— Что? Ты что, Могильный, совсем обалдел, что ли? Ты что несешь? — Подполковник энергично постучал себя кончиками пальцев согнутой ладони по лбу. — Пропали! Как это так пропали? Как в сказке, говоришь?.. Про чудеса мне толкуешь? Вы что тут, ексель-моксель, за сказочную комедию разыгрываете передо мной? Где же это видано…
Зрачки его внезапно расширились, хищно, по-волчьи загорелись, а лицо, побагровев, озлобилось.
— А ну отойди! Отойди от двери, упырь, я тебе говорю!

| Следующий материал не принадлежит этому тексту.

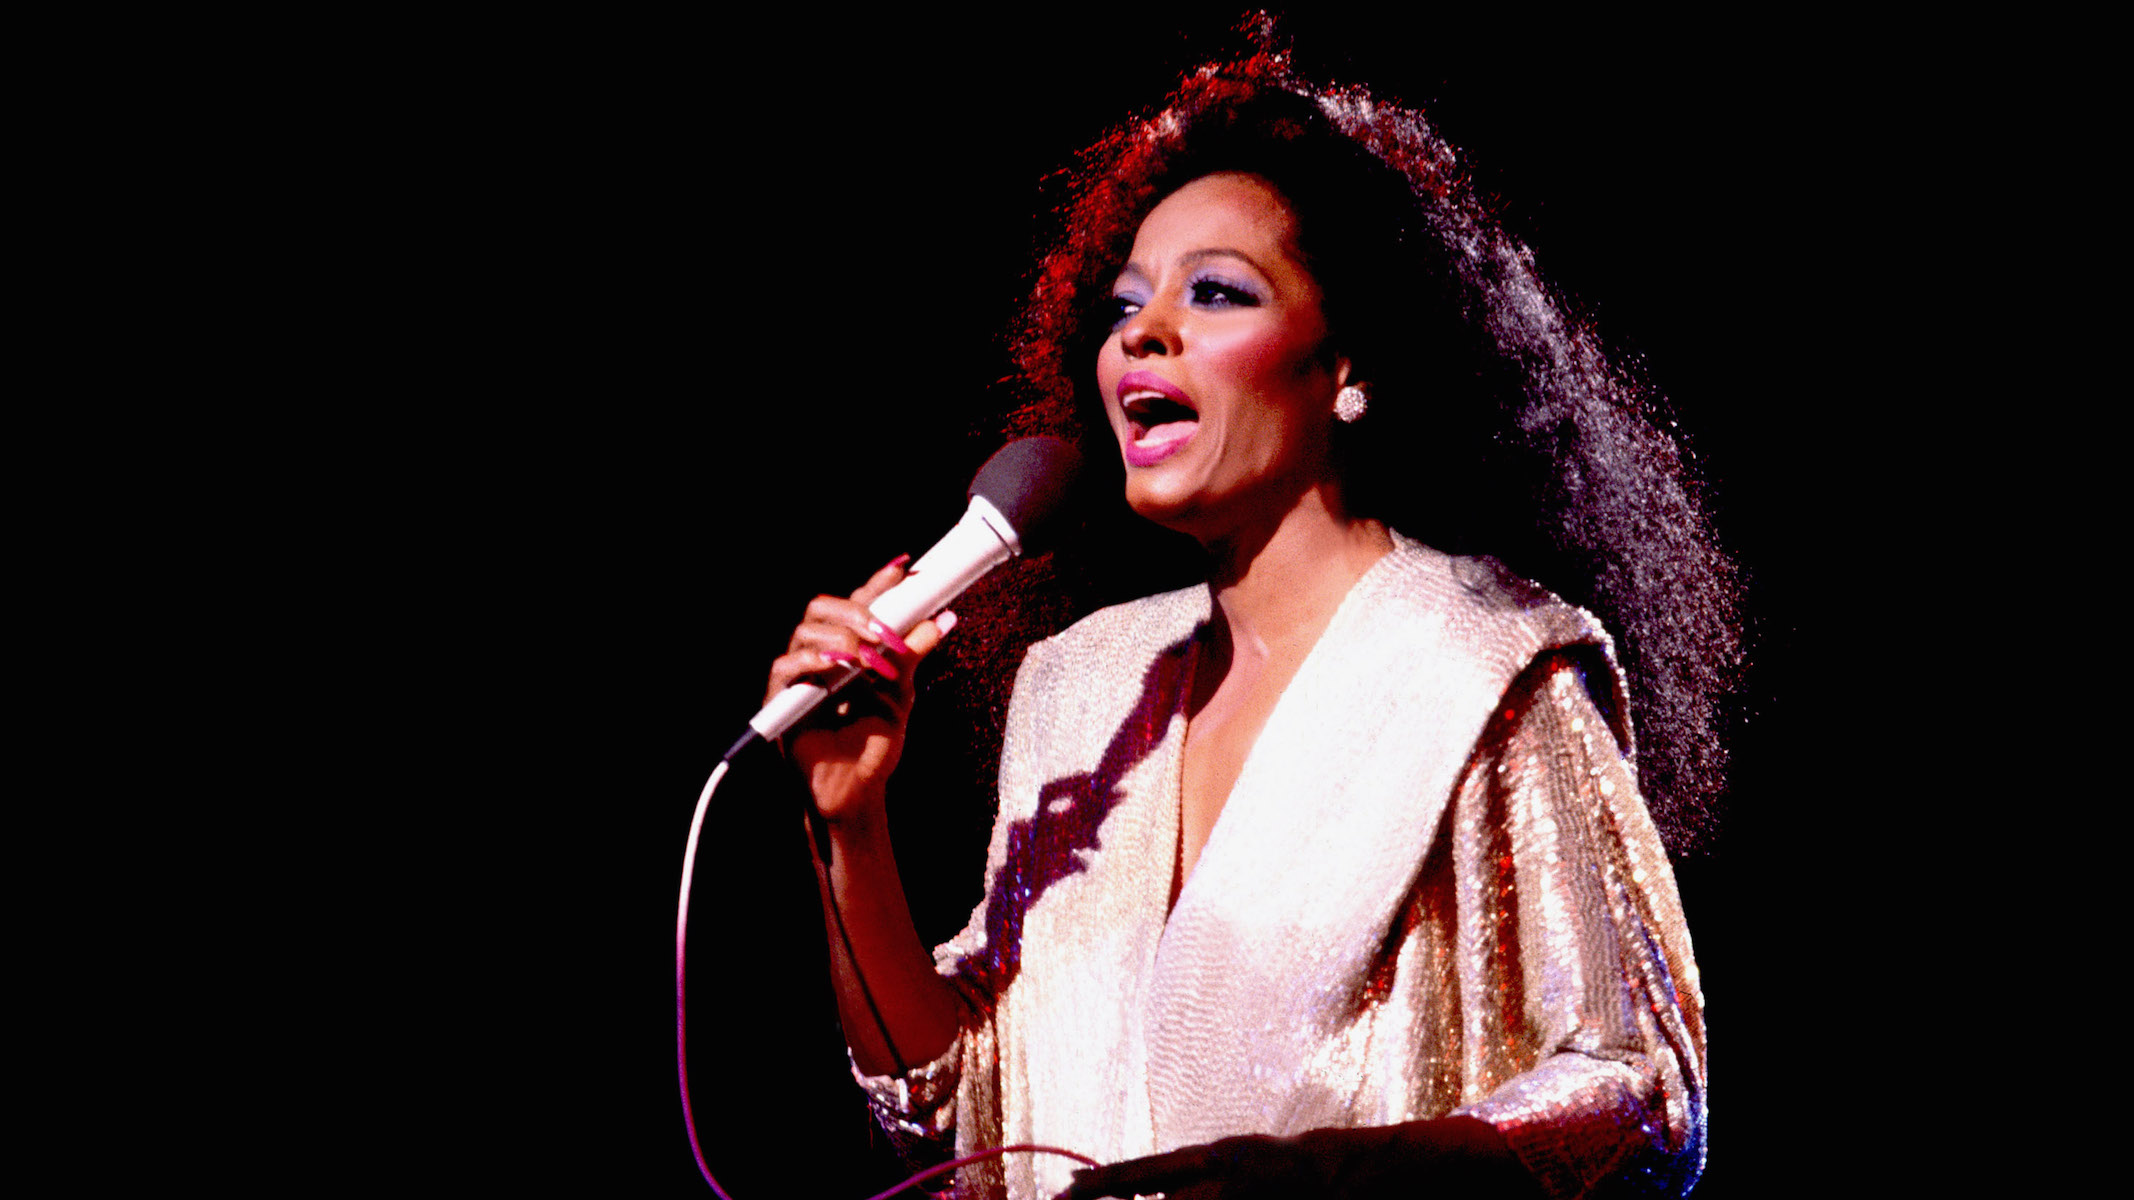 Hear Diana Ross' Famous 1983 Central Park Performance

Я тебе дам, пропали… Я вижу, что ты меня точно уж хочешь под монастырь подвести!
Он одним движением руки отодвинул от двери вконец раскисшего и чуть не плачущего дежурного лейтенанта Могильного и, распахнув ее, ворвался внутрь камеры.
Первое, что тут же мгновенно ощутил Веремеев, это была страшная, просто невыносимая вонь от кошачьей мочи, которая, шибанув прямо в нос, заставила остановиться и прикрыть рот и нос ладонью руки. Дальше он увидел какую-то большую черную лужу на полу, валявшийся в этой луже пистолет и разбросанные по всему полу пустые патронные гильзы. Ничего другого в камере больше не наблюдалось. Ни бабки, ни кота нигде не было видно. Убиенные словно испарились.
Дышать было совсем нечем, глаза уже слезились, его начинало тошнить, и Веремеев буквально выскочил из камеры. Лейтенант Могильный, заглядывая в глаза начальнику, плаксиво запричитал:
— Товарищ подполковник, ну вы же сами во всем убедились… Я что, я ничего, я никого подводить не собирался и не собираюсь. Но нет здесь никого, видите. Я не знаю, куда они подевались… Вы мне не верите, товарищ подполковник? Но я, честное слово, вас не обманываю… Я ведь не вредитель какой…
— Ладно, Могильный, не ной. И так на душе паскудно. Дай сообразить, что к чему… Как этот чертов клубок, как эту вашу сказочную историю-то распутать. — Веремеев пристально посмотрел на хнычущего дежурного и вдруг очень мягко заговорил: — Ты, Коля, думаешь, что если я слово в слово вот эту ахинею там перескажу, — он ткнул пальцем воздух в направлении потолка, — обо всем, что вы мне тут с компанией сейчас наплели, то меня сразу же поймут, сразу поверят, и больше ни о чем даже и спрашивать не будут? А Сатанюка тут же отпустят на все четыре стороны да еще и очередное звание присвоят? А как ты сам-то кумекаешь про все про это, писатель-фантаст? А кстати говоря, где этот ковбой сегодняшней ночи? А, Могильный? — с застывшими на месте глазами иронично спросил Веремеев.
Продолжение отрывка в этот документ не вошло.